The Ondes Martenot, invented by and named after Maurice Martenot, is, simply put, an electronic string instrument. One single piece of electrical wire, making contact in different places, will produce sounds with different pitches. On the surface, the Ondes Martenot looks like a keyboard instrument, but the keyboard is just a crutch to make the instrument more playable - the wire itself can be manipulated directly to produce all kinds of effects, including glissandi and vibrato.

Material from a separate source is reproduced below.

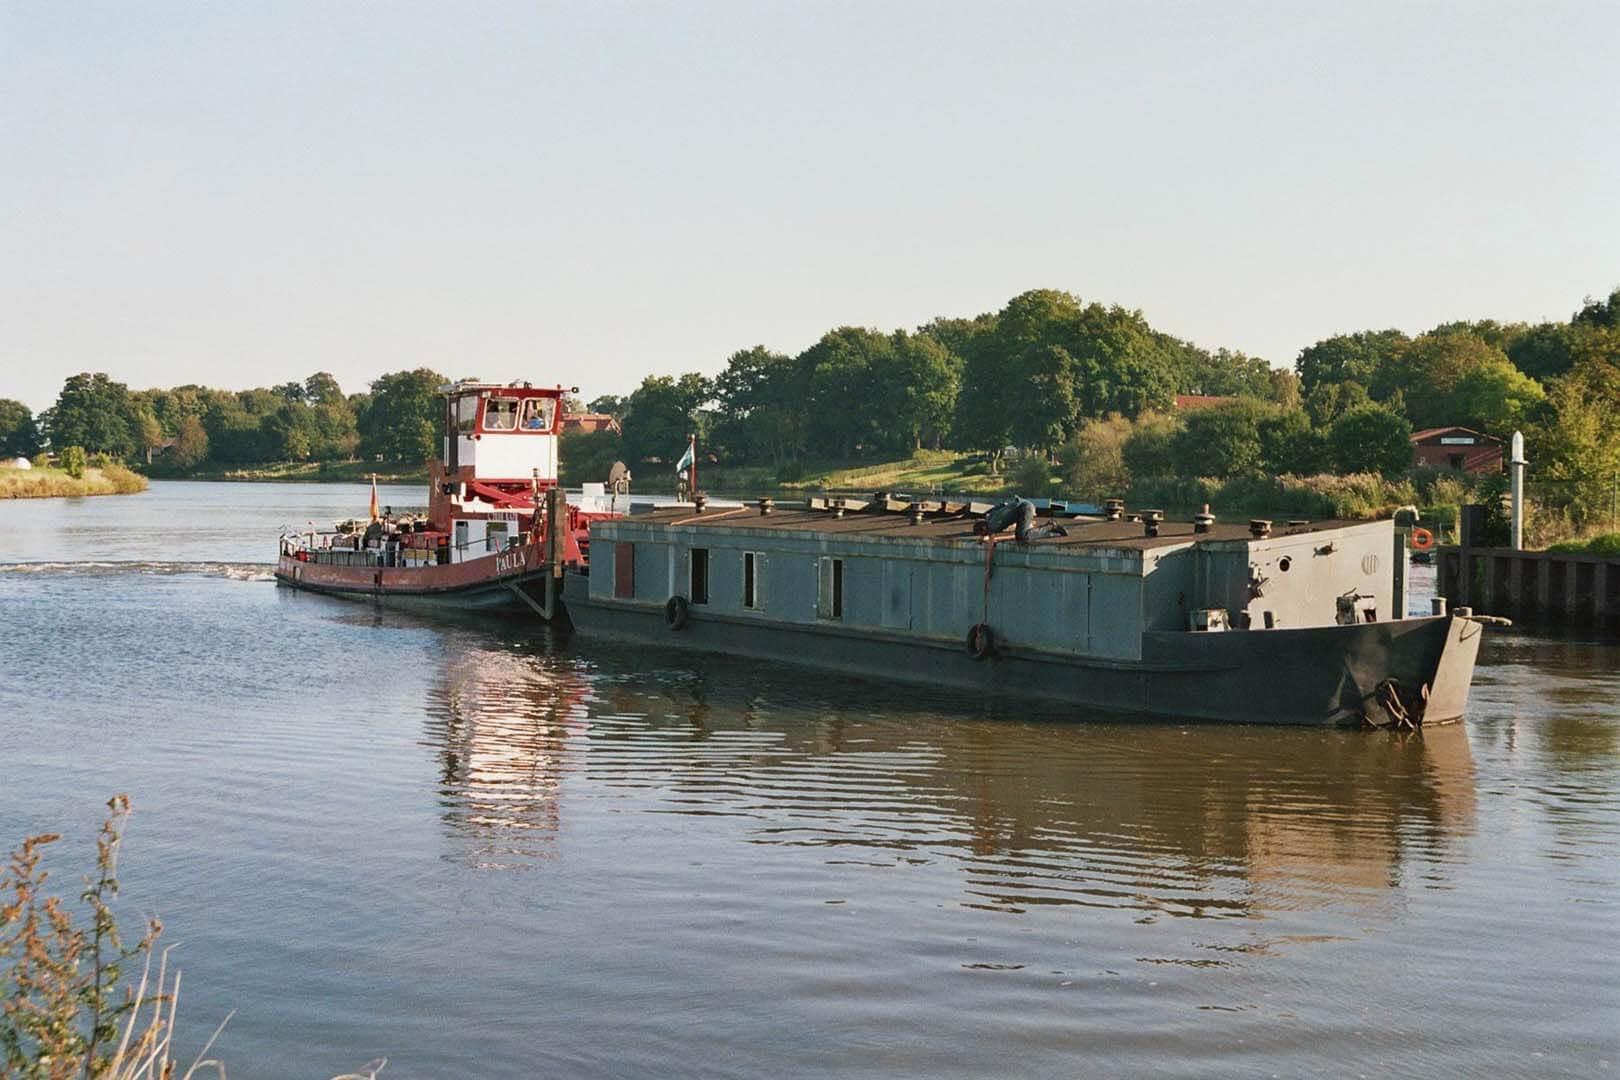 Die Peissnitz wird von der Reederei Ed-Line von Rathenow nach Dörverden an der Weser geschoben

French composer Olivier Messiaen has made frequent use of the Ondes Martenot throughout his entire oeuvre. One of his earlier works using the instrument is a composition commissioned by the organisers of the 1937 Paris Exposition - it was to be the soundtrack of a modernist light-and-water show (ergo, a successor in kind, albeit more wet, to Händel’s Music for the Royal Fireworks). Messiaen composed a score for no less than six Ondes Martenot: Fêtes des belles eaux. And what a marvel this music is! Imagine the impression it must have made to the ears of people in 1937 who weren’t used to hearing such sounds. Take, especially, the way the music audibly describes the glittering of water droplets, and the joy of the final fountains.

Friedrich Trautwein (German only) invented the Trautonium in 1930. This, plainly spoken, was an early analogue synthesizer, already using many of the techniques that would later be applied by giants like Moog. Trautwein was soon joined by Oskar Sala, who grew to have considerable success as a virtuoso on and composer for the instrument.

One of Sala’s most remembered works is the score to Alfred Hitchcock’s movie The Birds. It deserves special mention: not a single actual bird is heard in the movie. It’s all Trautonium sounds. Remember this when you next watch this movie.

Composer Harald Genzmer wrote large-scale concertos in the classic tradition for Trautonium and orchestra. Here’s one.

Does this all sound a bit odd? Still?